如果说普通的摩天轮尚不能满足你对刺激的全部需求,那么试试这个吧,隐形摩天轮(High Wheel):. 来自西班牙艺术家Maider López的创意,这摩天轮就好像是漂浮在空中,人们悬在那里摇摇欲坠……好吧,虽然只是图片,我已经吓得屁滚尿流了……而且在屁滚尿流之余,我还诞生了一个更邪恶的想法,为啥不把摩天轮的吊斗也做成透明的呢.

Kubernetes & Microservice

- - 午夜咖啡
这是前一段时间在一个微服务的 meetup 上的分享,整理成文章发布出来. 谈微服务之前,先澄清一下概念. 微服务这个词的准确定义很难,不同的人有不同的人的看法. 比如一个朋友是『微服务原教旨主义者』,坚持微服务一定是无状态的 http API 服务,其他的都是『邪魔歪道』,它和 SOA,RPC,分布式系统之间有明显的分界.


- - Z.S.K.'s Records
记录在使用Kubernetes中遇到的各种问题及解决方案, 好记性不如烂笔头. prometheus提示 /metrics/resource/v1alpha1 404. 原因: 这是因为[/metrics/resource/v1alpha1]是在v1.14中才新增的特性,而当前kubelet版本为1.13.

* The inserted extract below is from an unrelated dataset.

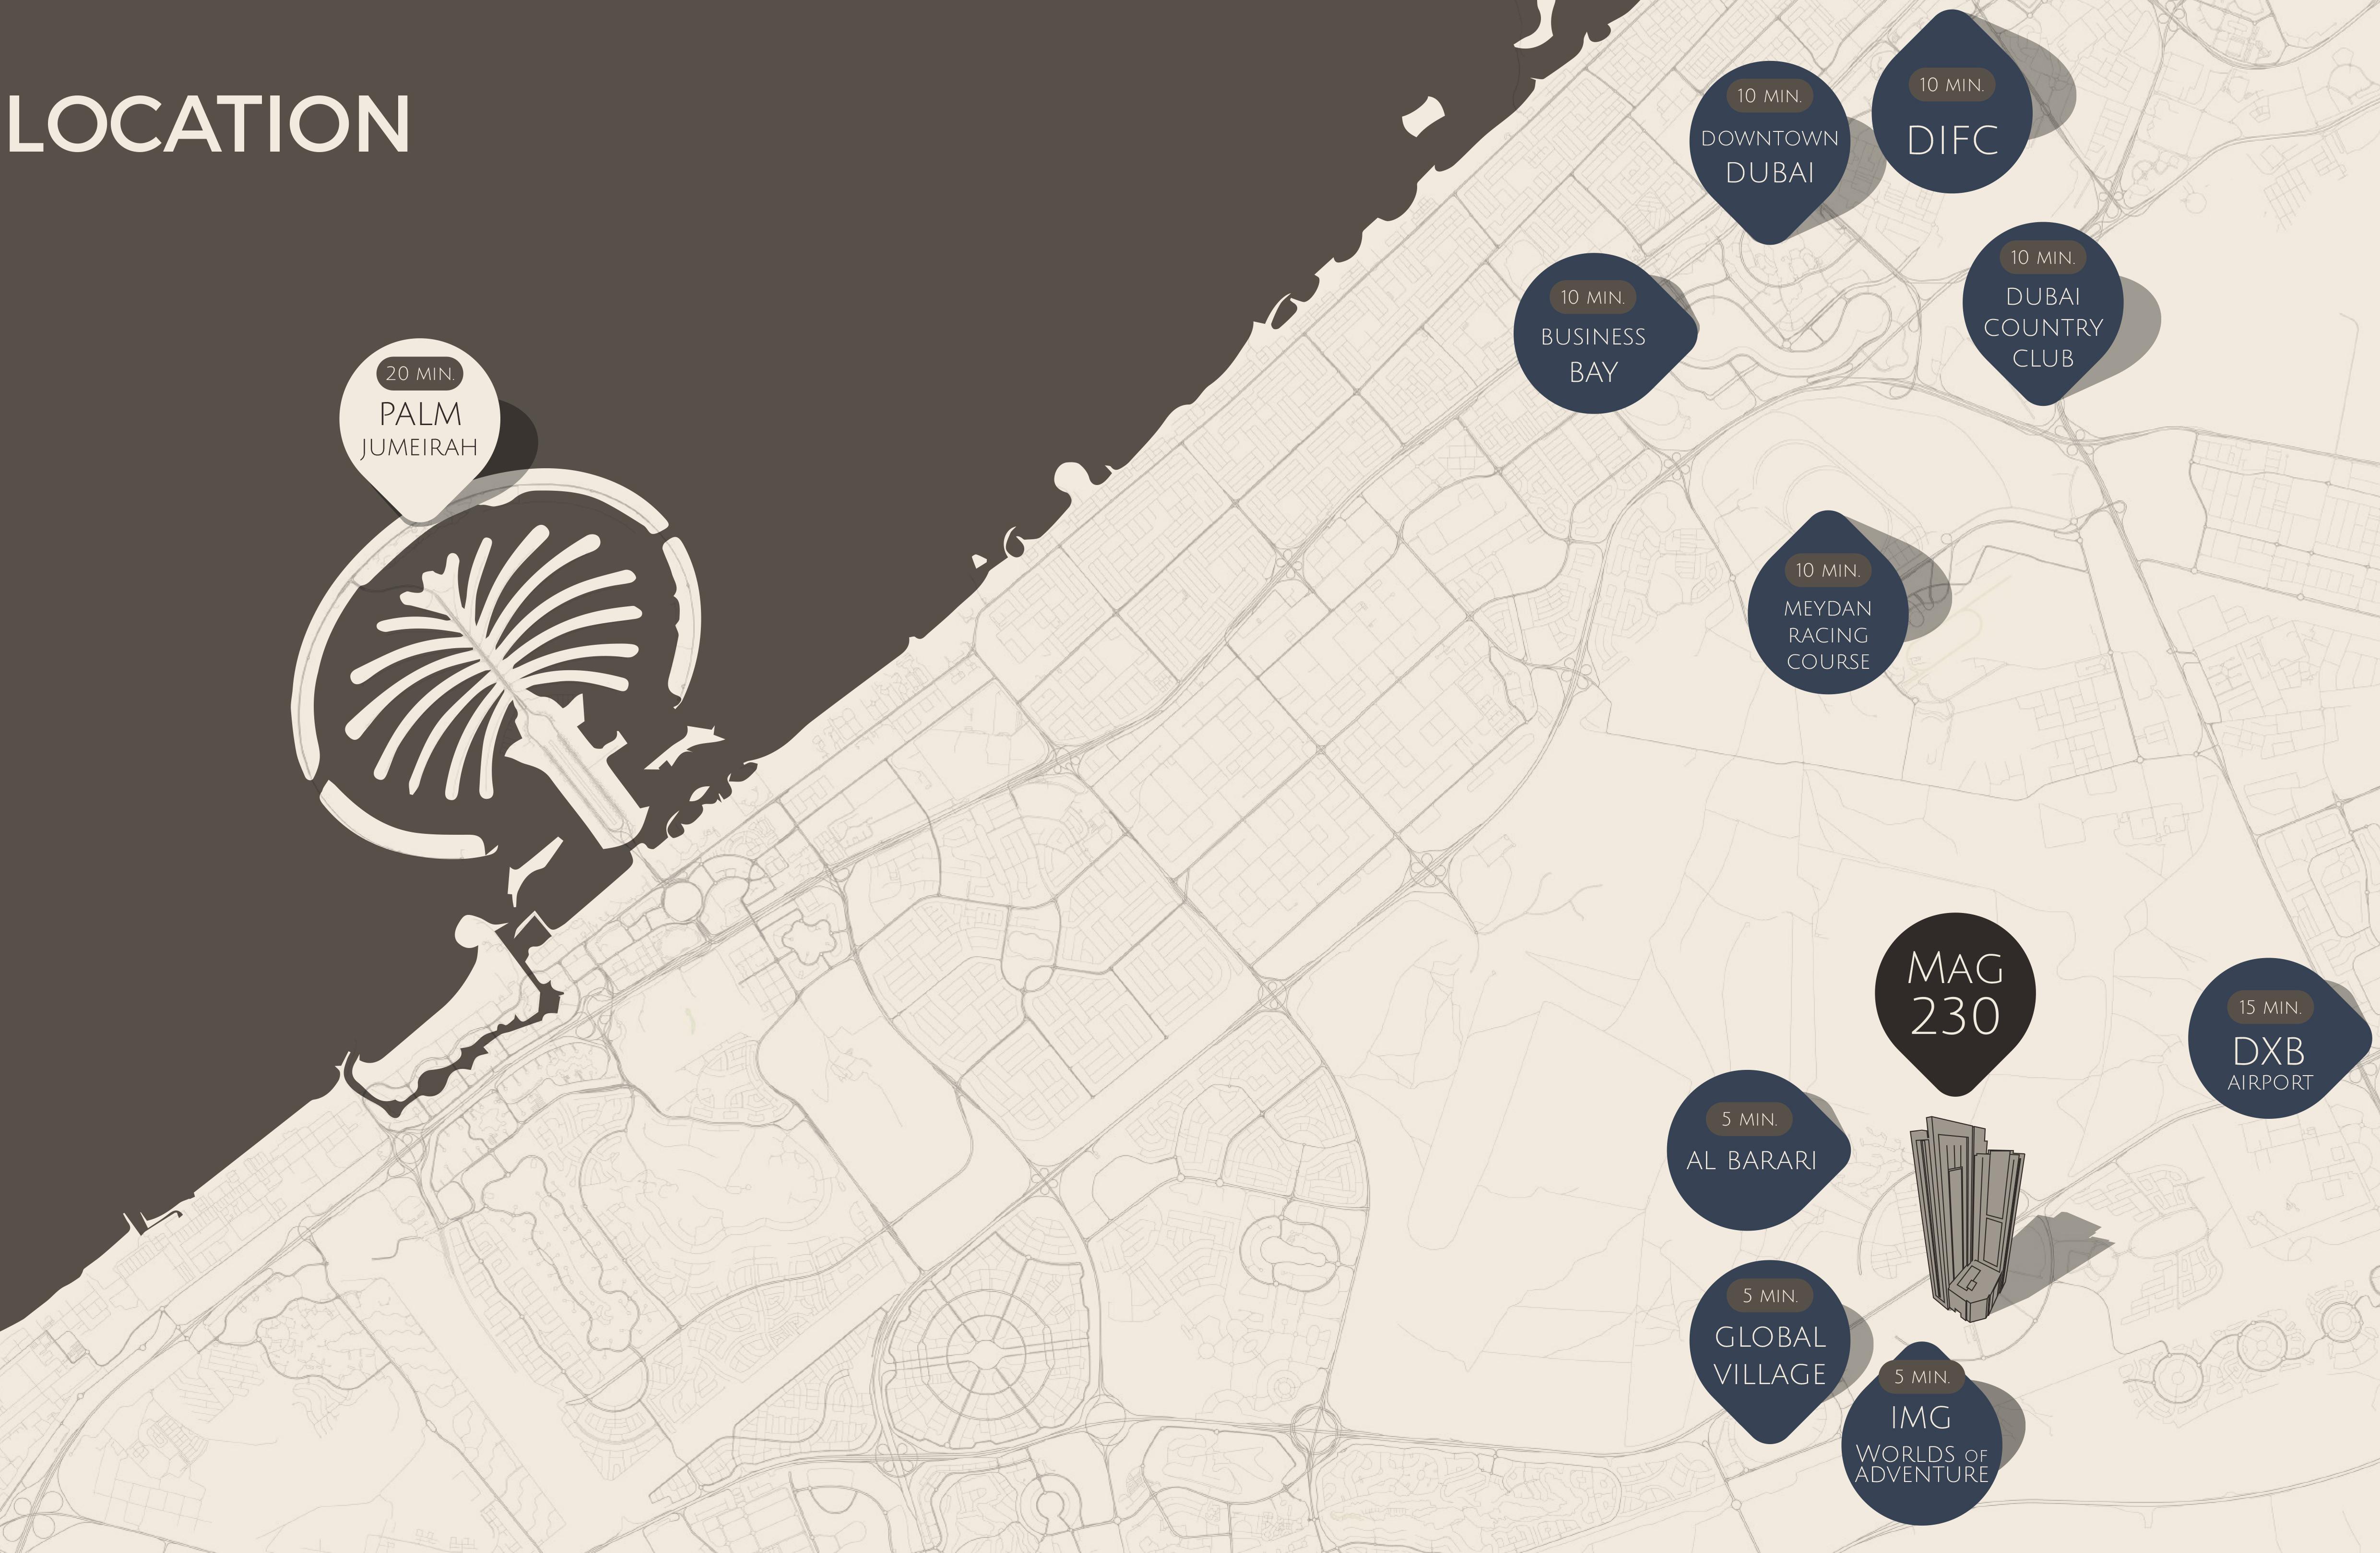 MAG 230 Apartments -  Location Plan

Percona 的 MySQL High Availability 機制比較文

- - Gea-Suan Lin's BLOG
Percona 發了一篇「 High-availability options for MySQL, October 2013 update」,比較目前 MySQL 上常見的 High Availability 機制. 這些都是把 High Availability 做在 MySQL 上,讓前端的程式不需要操心的方式.

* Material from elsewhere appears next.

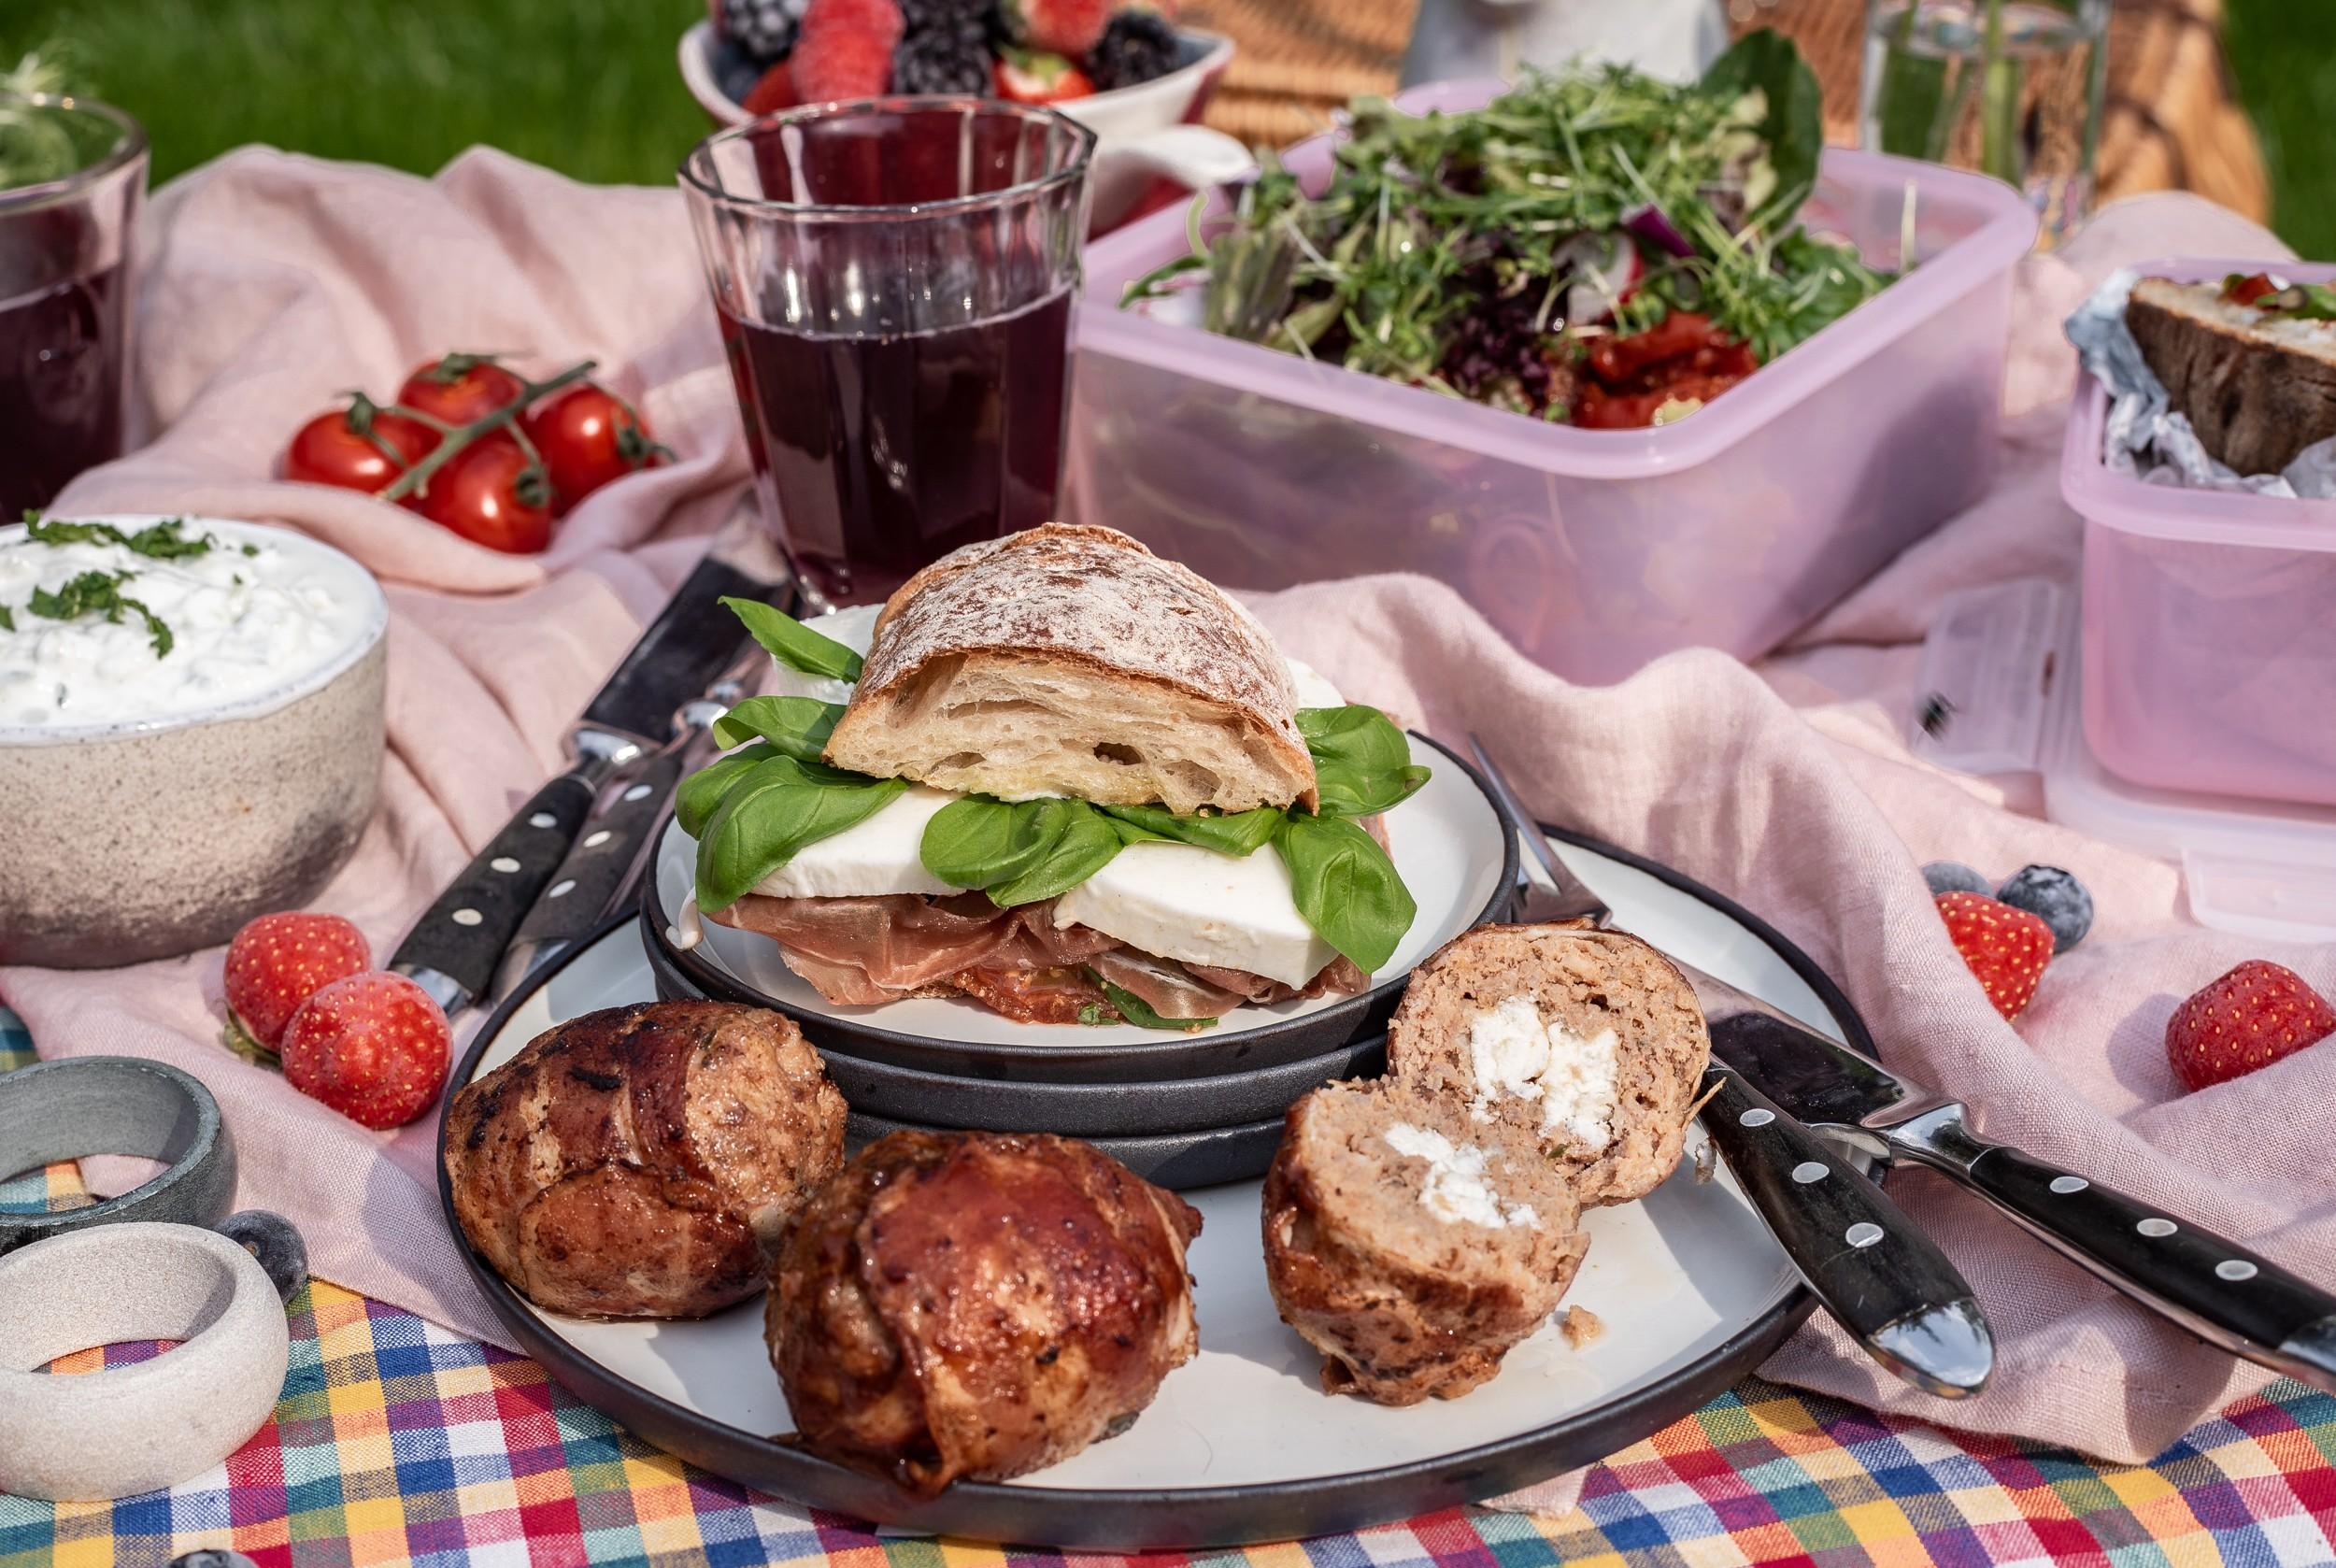 Meatballs und Sandwich Caprese

Kafka设计解析(二):Kafka High Availability (上)

- -
Kafka在0.8以前的版本中,并不提供High Availablity机制,一旦一个或多个Broker宕机,则宕机期间其上所有Partition都无法继续提供服务. 若该Broker永远不能再恢复,亦或磁盘故障,则其上数据将丢失. 而Kafka的设计目标之一即是提供数据持久化,同时对于分布式系统来说,尤其当集群规模上升到一定程度后,一台或者多台机器宕机的可能性大大提高,对Failover要求非常高.


- -
两周前,Kubernetes在其最新的Changelog中宣布1.20之后将要弃用dockershime,也就说Kubernetes将不再使用Docker做为其容器运行时. 这一消息持续发酵,掀起了不小的波澜,毕竟Kubernetes+Docker的经典组合是被市场所认可的,大量企业都在使用. 看上去这个“弃用”的决定有点无厘头,那么为什么Kubernetes会做出这样的决定.

Kubernetes 完全教程

- - 午夜咖啡
经过一个阶段的准备,视频版本的 《Kubernetes 完全教程》出炉了. 课程一共分为七节,另外有一节 Docker 预备课,每节课大约一个多小时. 目标是让从没接触过 Kubernetes 的同学也能通过这个课程掌握 Kubernetes. 为什么要学习 Kubernetes. 在介绍课程之前,先说说为什么要学习 Kubernetes 以及什么人需要学习 Kubernetes.

Kubernetes 监控详解

- - DockOne.io
【编者的话】监控 Kubernetes 并不是件容易的事. 本文介绍了监控 Kubernetes 的难点、用例以及有关工具,希望可以帮助大家进一步了解监控 Kubernetes. 如果想要监控 Kubernetes,包括基础架构平台和正在运行的工作负载,传统的监控工具和流程可能还不够用. 就目前而言,监控 Kubernetes 并不是件容易的事.